Input records:
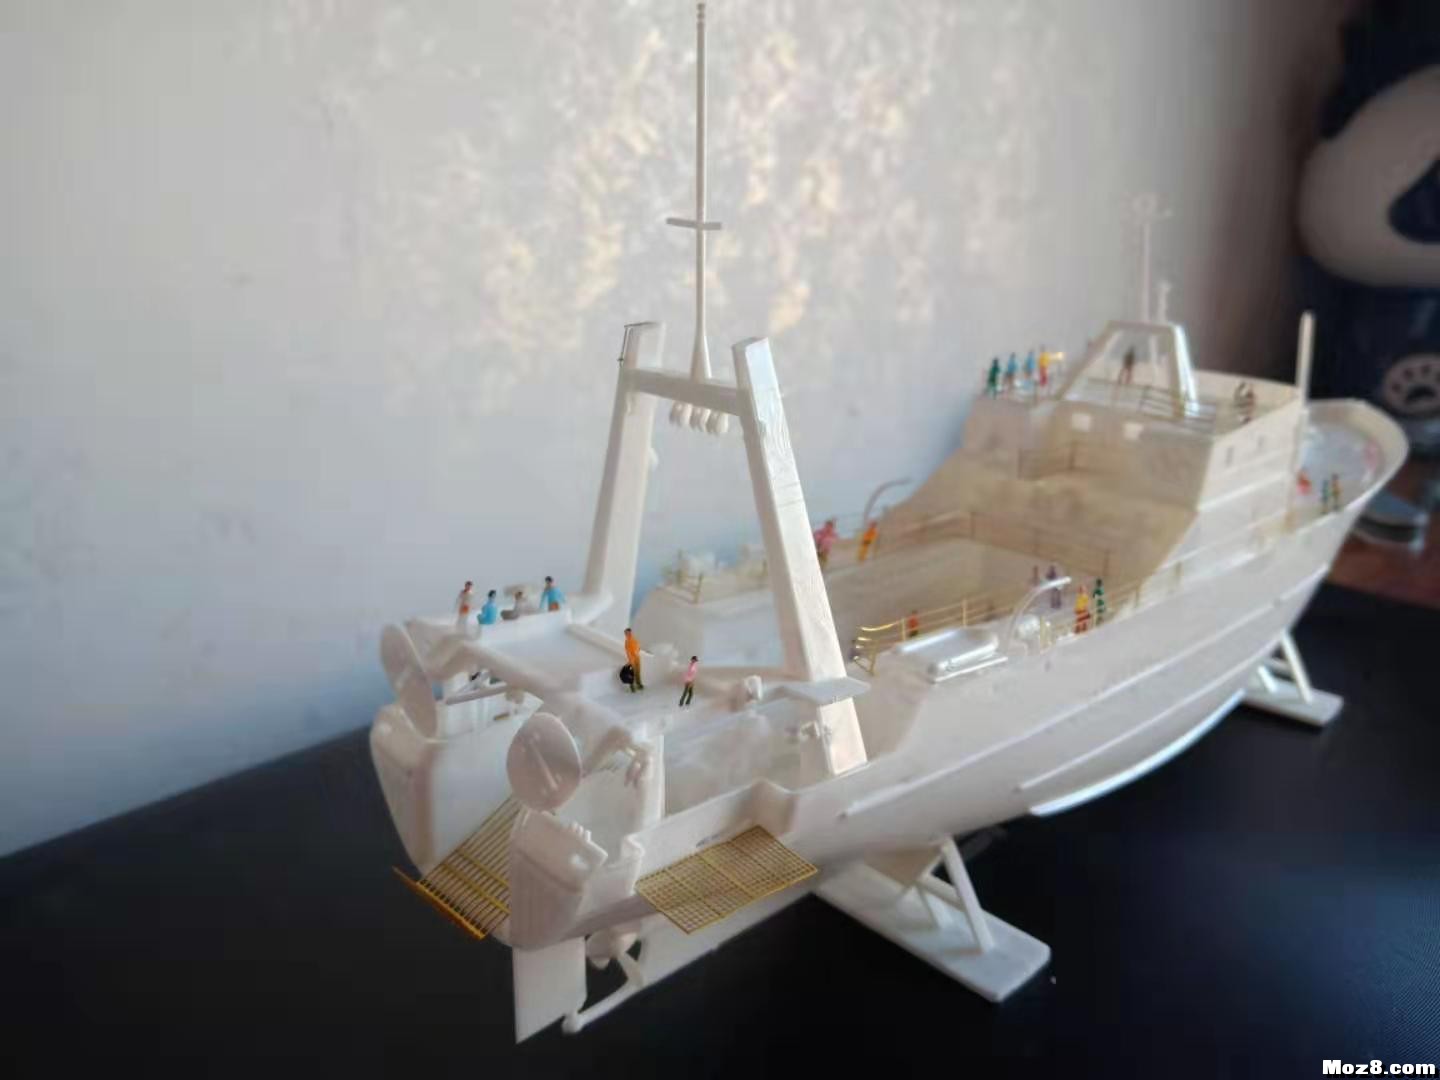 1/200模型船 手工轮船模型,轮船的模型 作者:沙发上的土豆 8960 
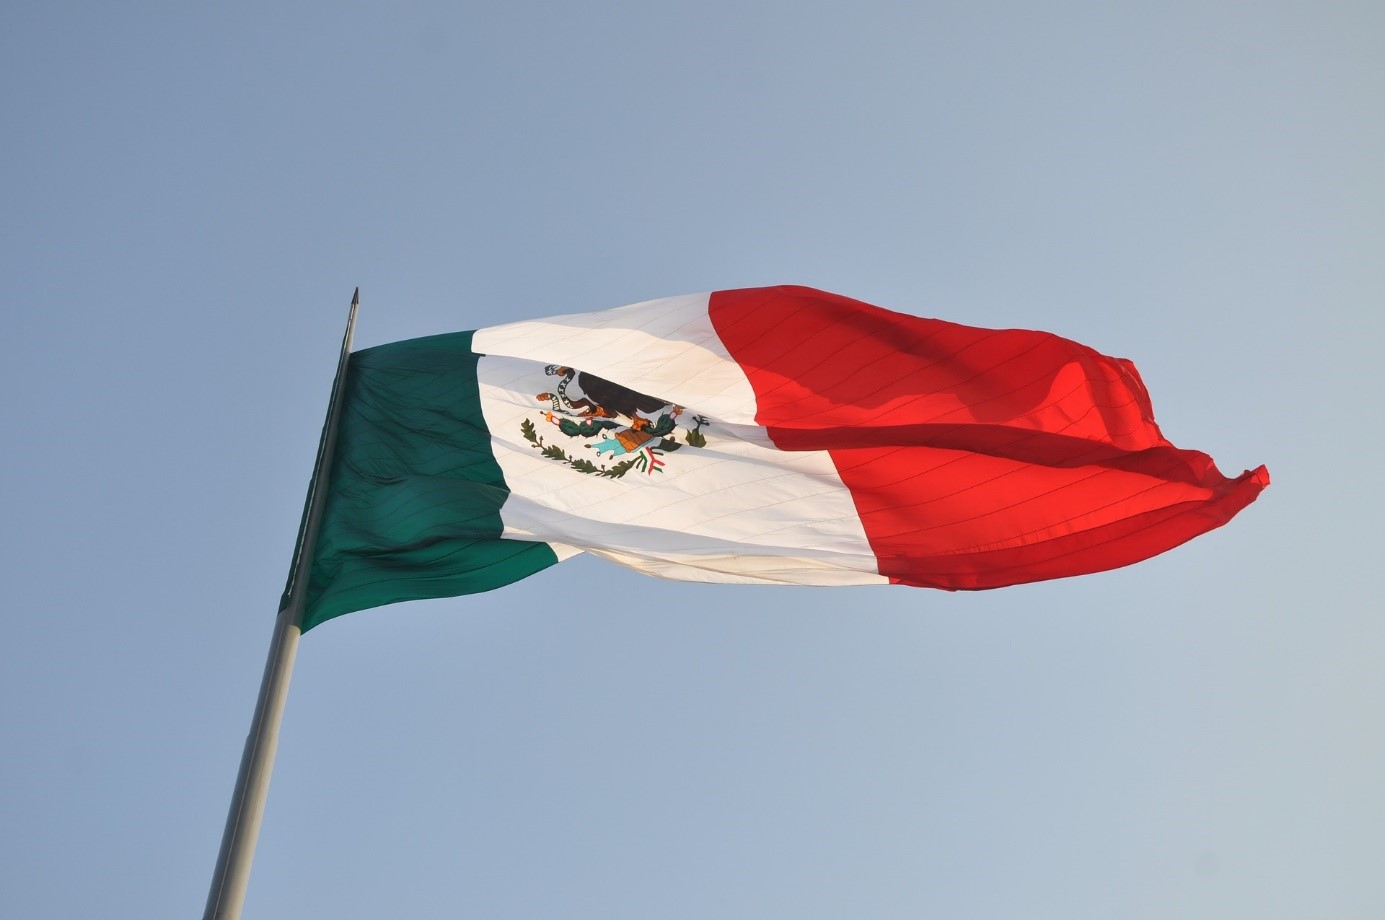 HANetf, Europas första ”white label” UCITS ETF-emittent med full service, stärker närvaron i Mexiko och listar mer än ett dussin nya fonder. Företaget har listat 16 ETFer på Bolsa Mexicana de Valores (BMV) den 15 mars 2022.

* * *

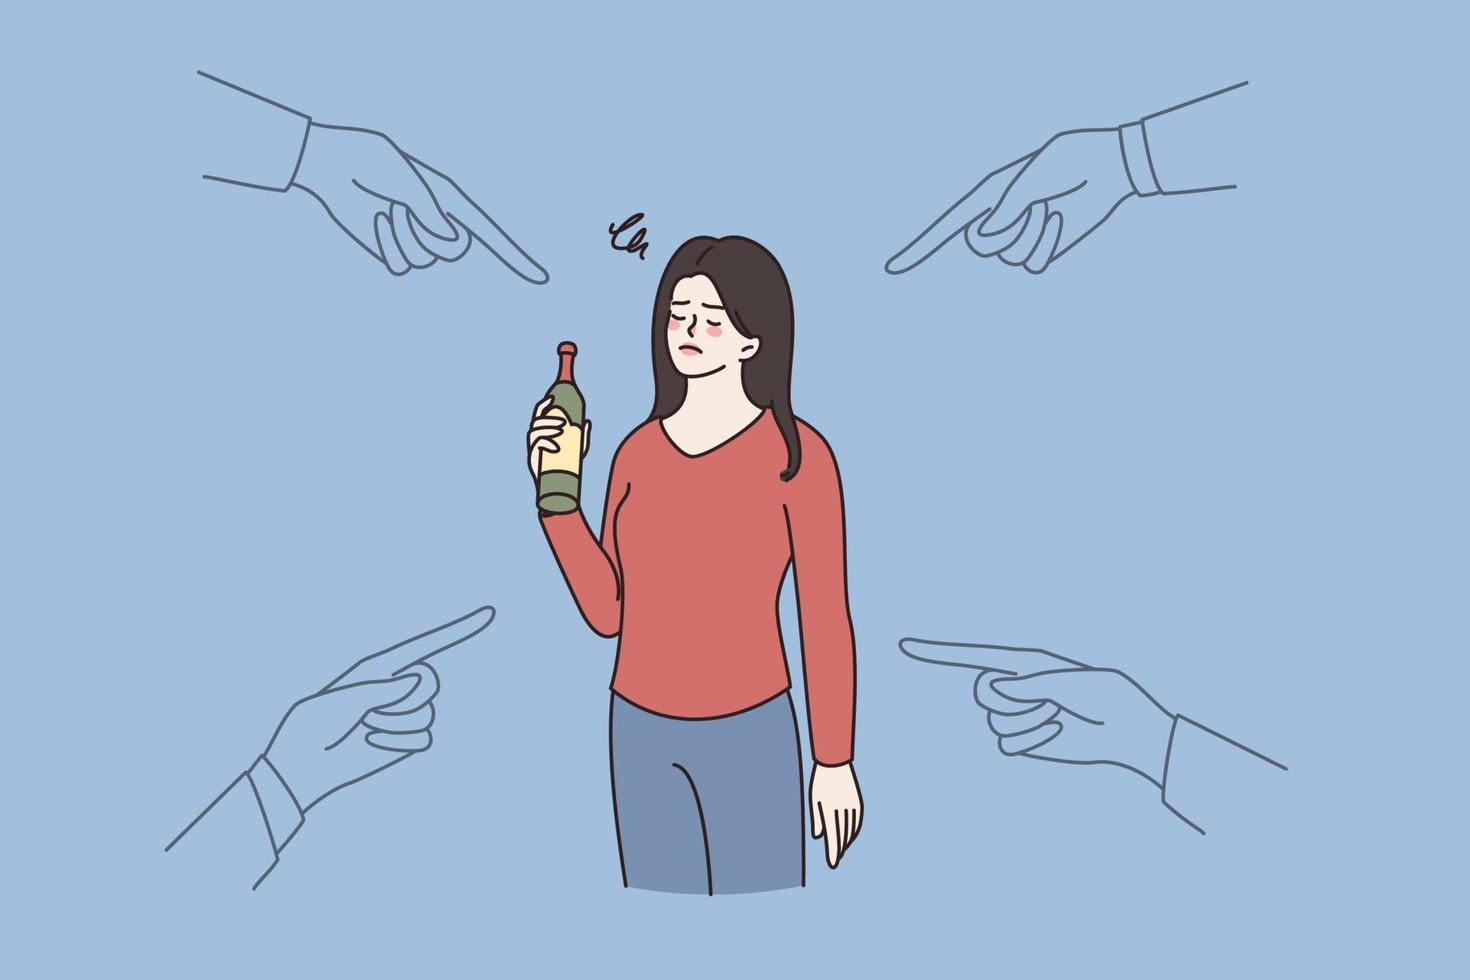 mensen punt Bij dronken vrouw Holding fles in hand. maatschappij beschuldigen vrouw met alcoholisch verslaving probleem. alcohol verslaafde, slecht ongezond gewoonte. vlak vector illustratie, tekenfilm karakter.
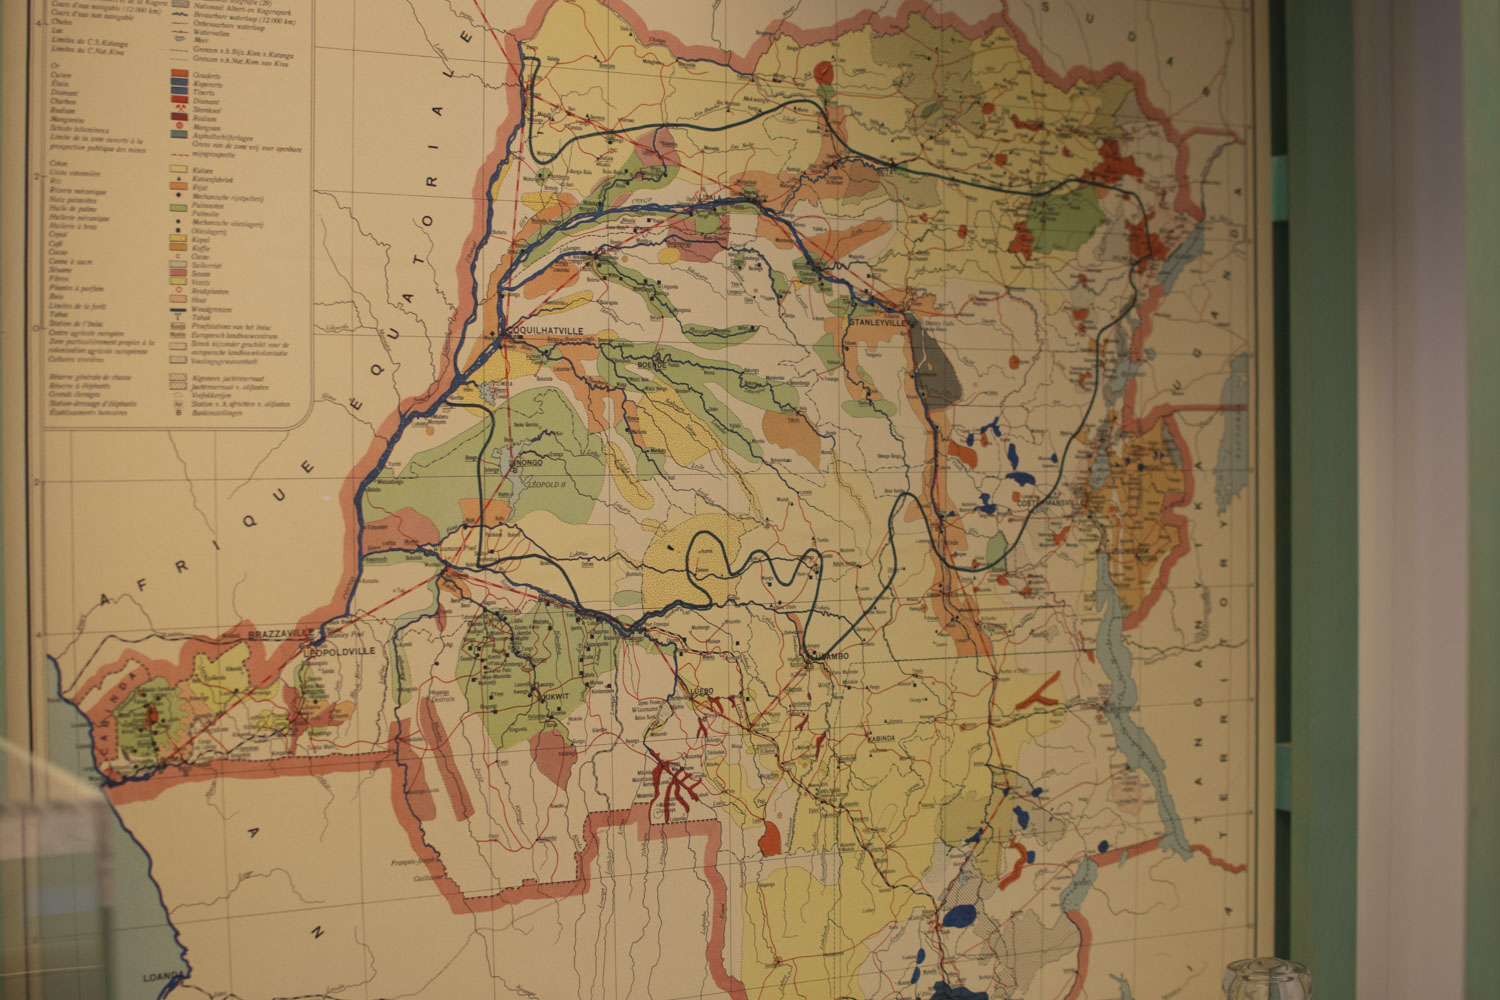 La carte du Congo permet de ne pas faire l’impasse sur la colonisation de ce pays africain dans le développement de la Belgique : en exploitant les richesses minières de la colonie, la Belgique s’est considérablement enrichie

Your objective: In the material above, the stretch from the line with "1/200模型船 手工轮船模型,轮船的模型 作者:沙发上的土豆 8960" through the line with "HANetf, Europas första" is to be given again exactly, minus the pictures.

Exercise output:
 1/200模型船 手工轮船模型,轮船的模型 作者:沙发上的土豆 8960 
 HANetf, Europas första ”white label” UCITS ETF-emittent med full service, stärker närvaron i Mexiko och listar mer än ett dussin nya fonder. Företaget har listat 16 ETFer på Bolsa Mexicana de Valores (BMV) den 15 mars 2022.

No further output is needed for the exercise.